Task objective: Make an exact copy of each entry, leaving out every picture.

Data section START

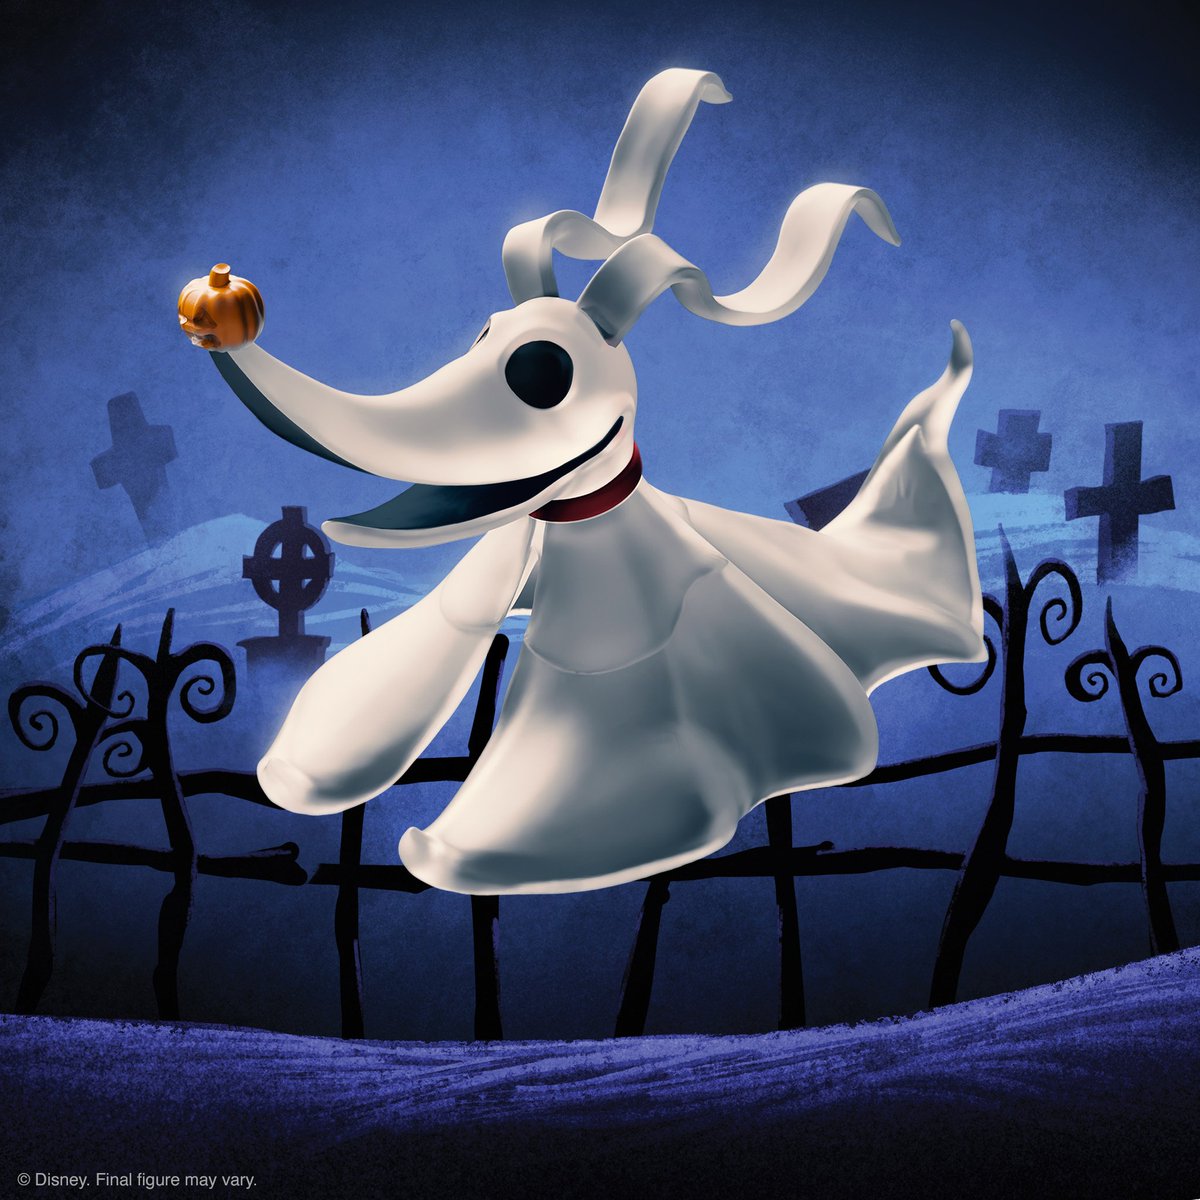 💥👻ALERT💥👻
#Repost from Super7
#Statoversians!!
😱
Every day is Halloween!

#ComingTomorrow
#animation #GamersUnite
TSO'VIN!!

Data section END

Task response:
 💥👻ALERT💥👻
#Repost from Super7
#Statoversians!!
😱
Every day is Halloween!

#ComingTomorrow
#animation #GamersUnite
TSO'VIN!!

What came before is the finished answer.